Más allá de las infraestructuras, una economía marroquí diversificada
Más allá del desarrollo de las infraestructuras, los 25 años de Mohamed VI al frente de Marruecos también se habrán situado bajo el signo de la diversificación de la economía, convirtiendo al país en una importante plataforma industrial y tecnológica de África. Esta estrategia se ha basado en el desarrollo de sectores clave.

La industria automovilística se ha convertido en un pilar importante de la política industrial marroquí. Entre 2012 y 2022, Marruecos casi cuadruplicó su producción de vehículos, alcanzando las 465.000 unidades, y posicionándose así como el 23º fabricante de automóviles del mundo y el segundo de África. En 2022, las exportaciones del sector generaron 111 mil millones de dirhams, lo que representa alrededor del 8% del PIB. Este éxito se atribuye en gran medida a la creación de grandes grupos extranjeros como Renault y Stellantis. Renault, con su planta de Tánger inaugurada en 2012, ha producido más de 2,36 millones de vehículos en diez años, mientras que Stellantis puso en marcha un complejo industrial en Kenitra en 2015, duplicando su capacidad de producción para 2022 gracias a una inversión adicional de 300 millones de euros.

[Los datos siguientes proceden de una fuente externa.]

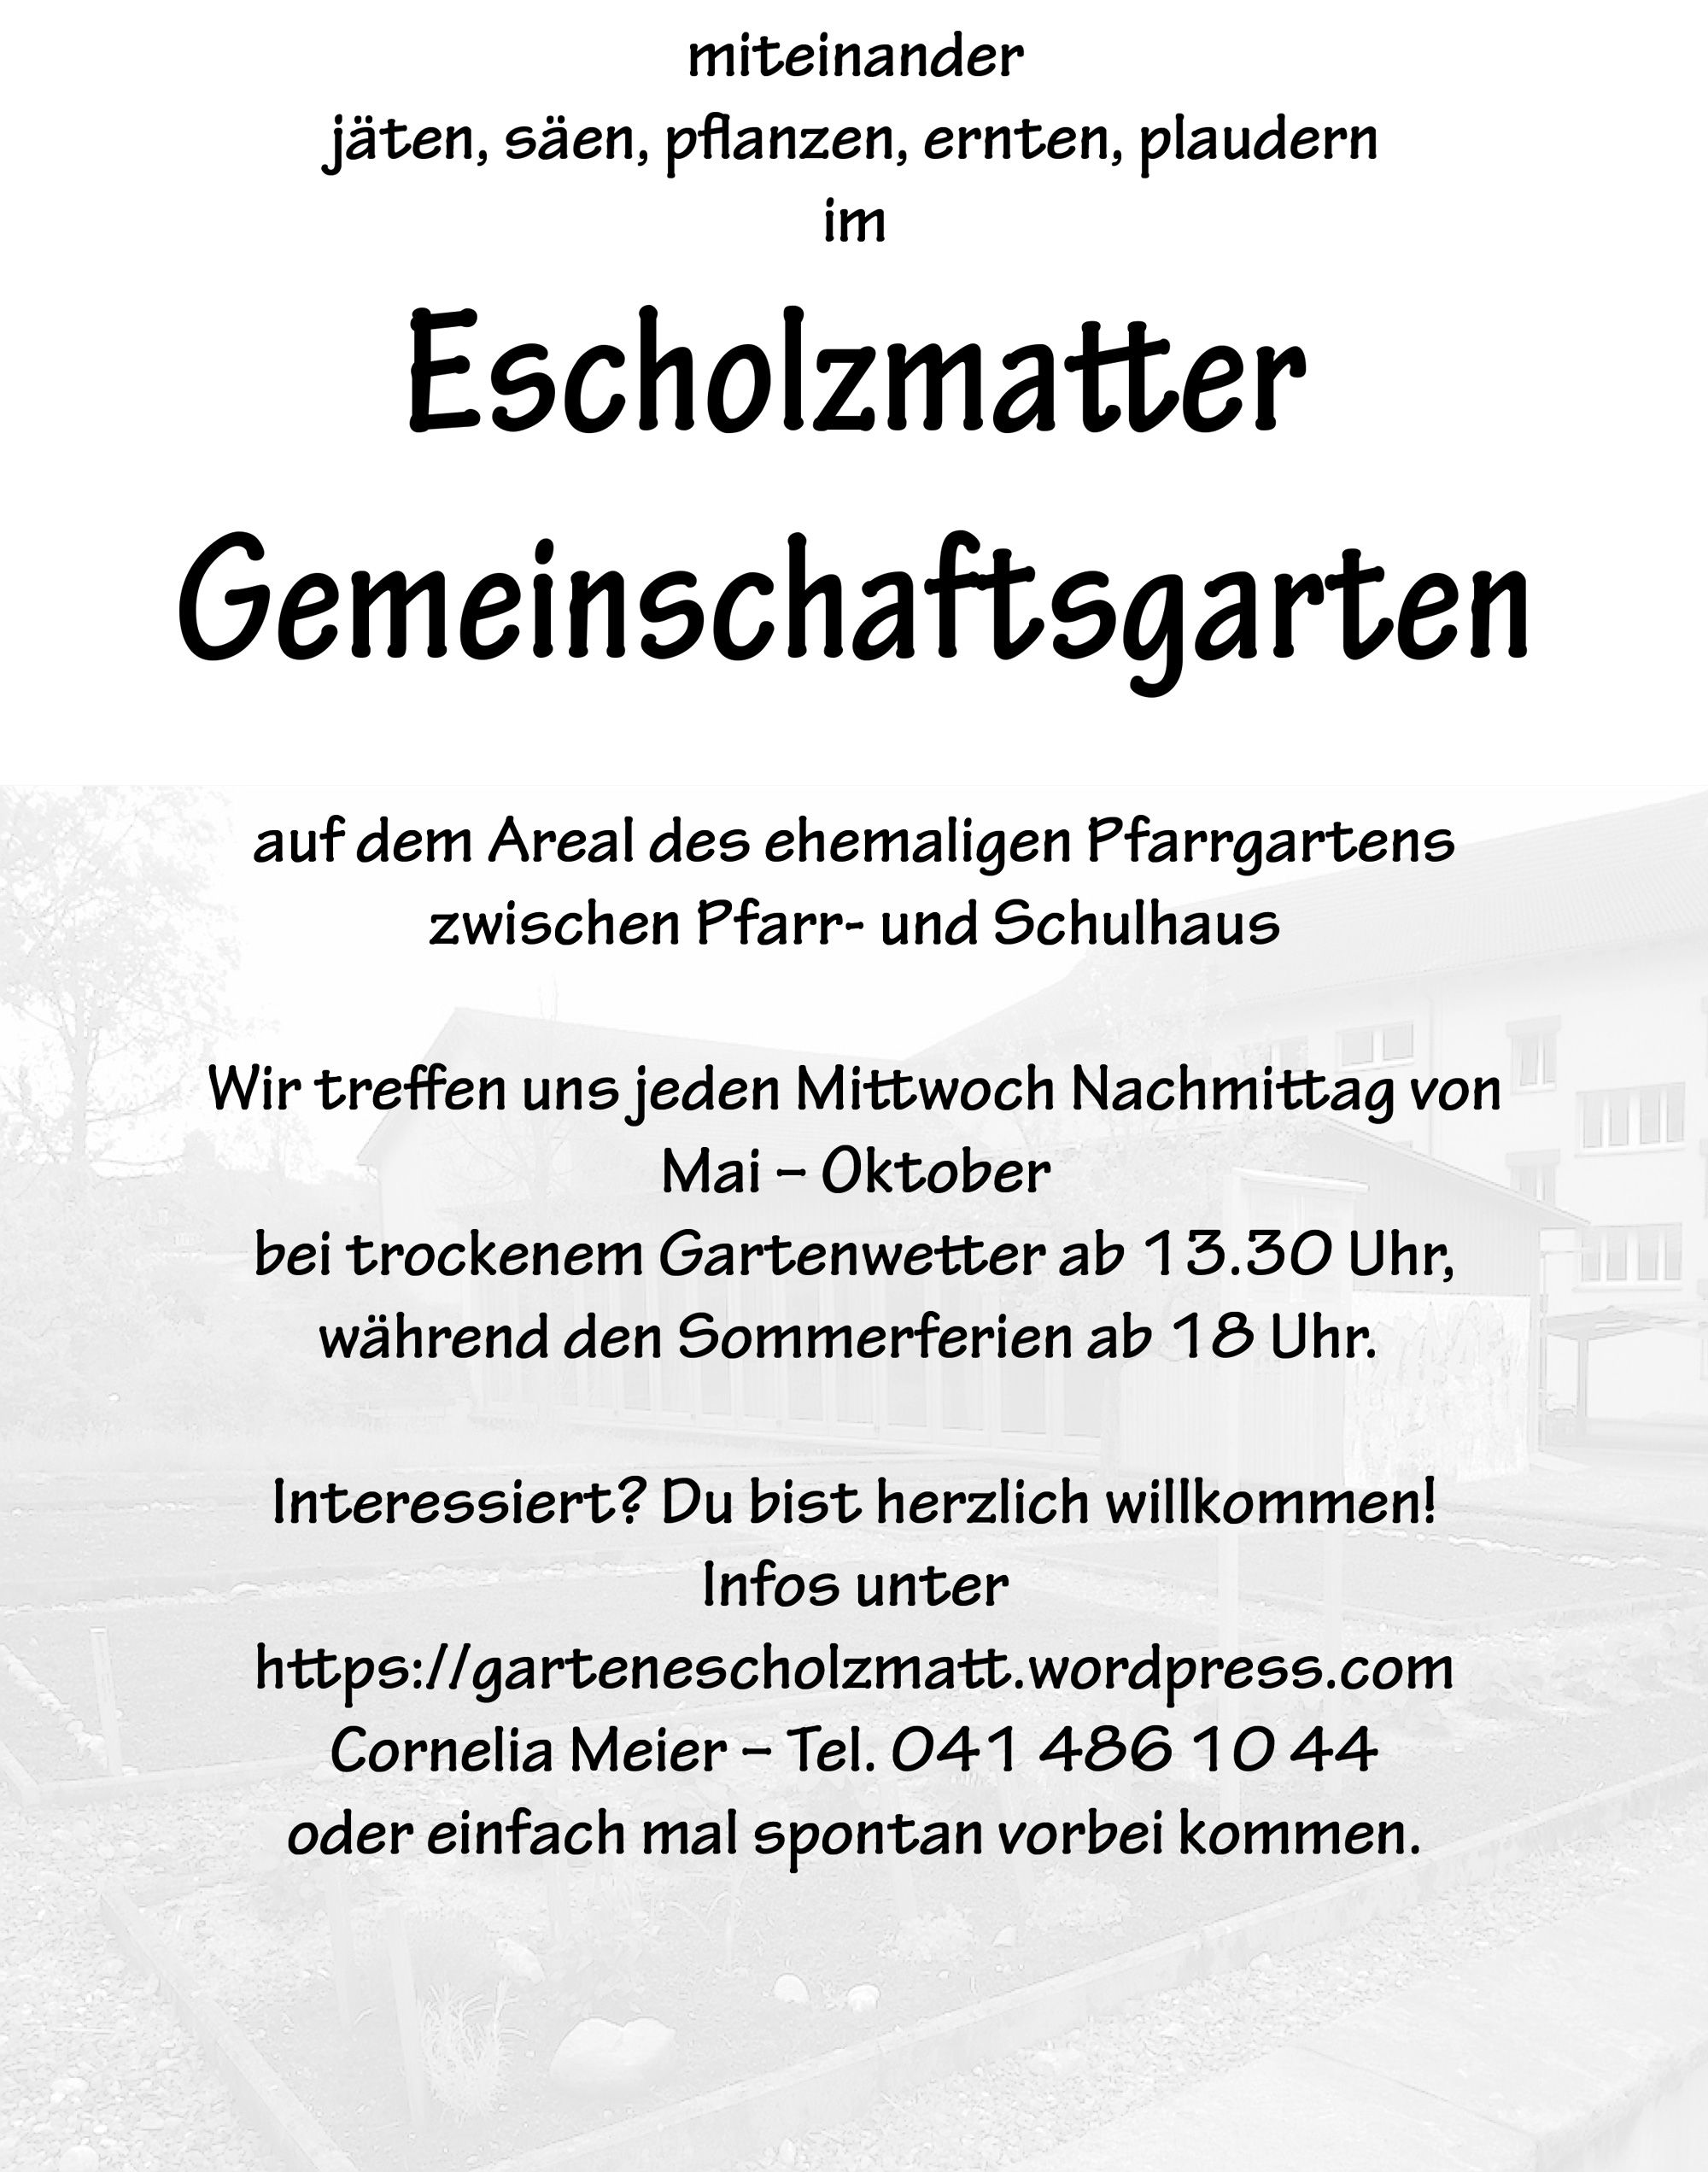 50 Jahre Genossenschaft fr Wohnungsbau Escholzmatt (GWE)
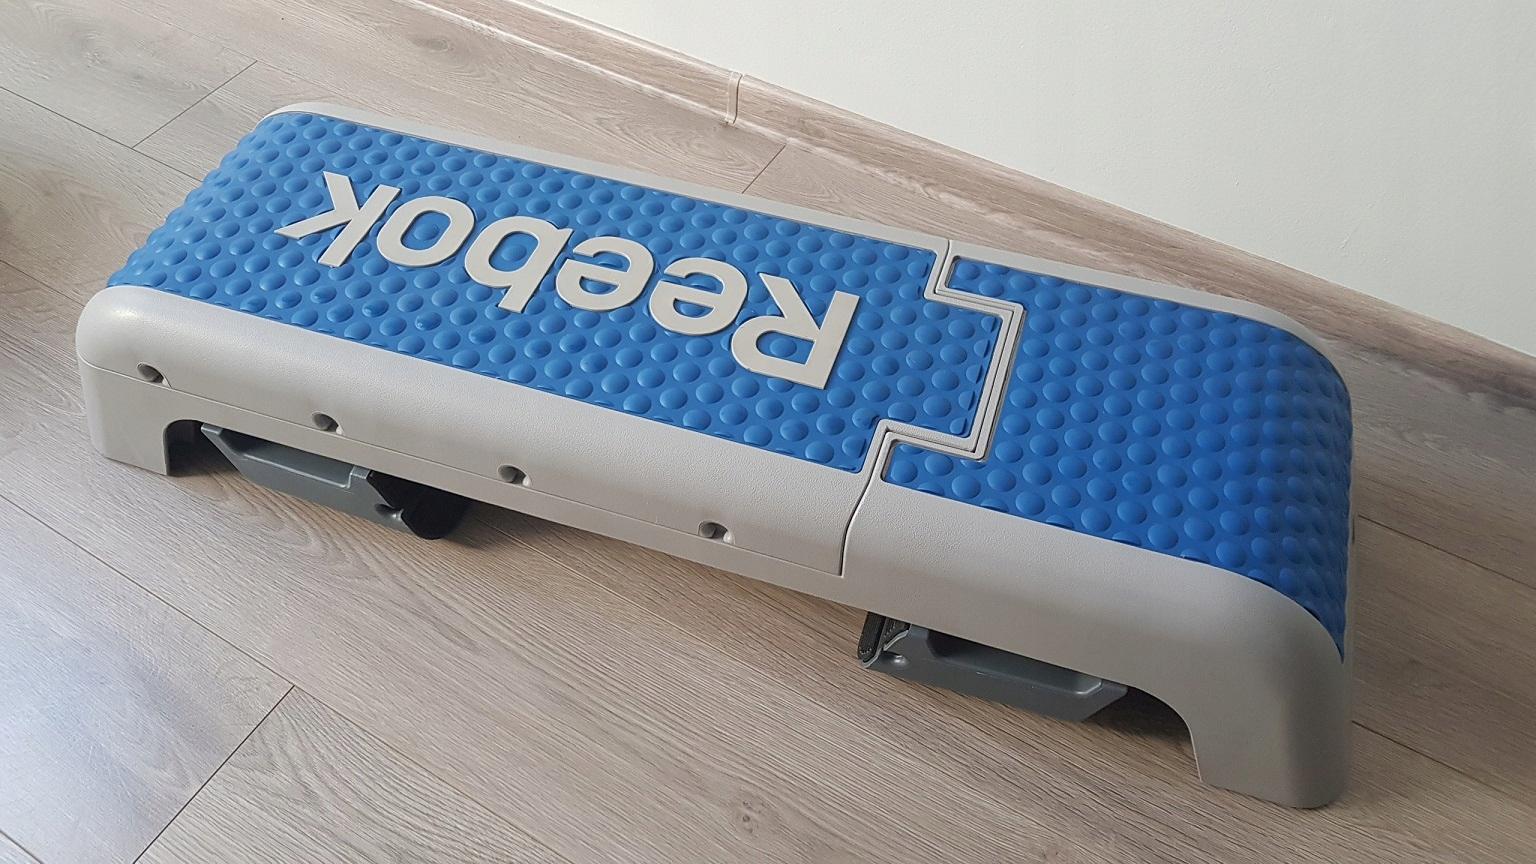 Reebok Deck step ławeczka do ćwiczeń nowa

Marruecos también se está posicionando como un actor importante en la industria de las baterías eléctricas. En 2023, Gotion High Tech firmó un acuerdo para construir una megafábrica de baterías en Bouknadel, con una capacidad de producción de 100 GWh al año y un coste total de 6.300 millones de dólares. BTR New Material Group también anunció una inversión de 500 millones de dólares para una planta de cátodos en Tánger Automotive City. Estas inversiones, motivadas por la posición estratégica de Marruecos y sus ventajas en términos de costes y mano de obra cualificada, refuerzan el posicionamiento del país en esta industria emergente.

Desde 2003, la industria aeronáutica en Marruecos ha experimentado un notable crecimiento, atrayendo inversiones de importantes fabricantes extranjeros como Boeing Safran y, más recientemente, Pratt & Whitney. En diciembre de 2023, este último anunció un proyecto de 715 millones de dirhams para la construcción de una fábrica de piezas para motores de aviones.
En 2024, la española Aciturri (fabricación de estructuras y componentes de motores), la canadiense Shimco (industria aeroespacial) y la alemana Böllhoff firmaron acuerdos con las autoridades marroquíes entre febrero y marzo para establecer nuevas fábricas en el país.
El sector minero, también esencial para la economía marroquí, aporta alrededor del 10% del PIB nacional y emplea a 42.500 personas. Marruecos, que alberga alrededor del 70% de las reservas mundiales de fosfato, es el primer exportador mundial de esta materia prima. Estrategias como el Plan Minero de Marruecos 2021-2030 tienen como objetivo impulsar el sector mediante la diversificación de la explotación de los recursos mineros y la atracción de nuevas inversiones.
La industria farmacéutica de Marruecos también ha atraído importantes inversiones en los últimos años, y el país se ha convertido en el segundo mayor productor farmacéutico de África después de Sudáfrica. En 2023, la facturación del sector superó los 21 mil millones de dirhams.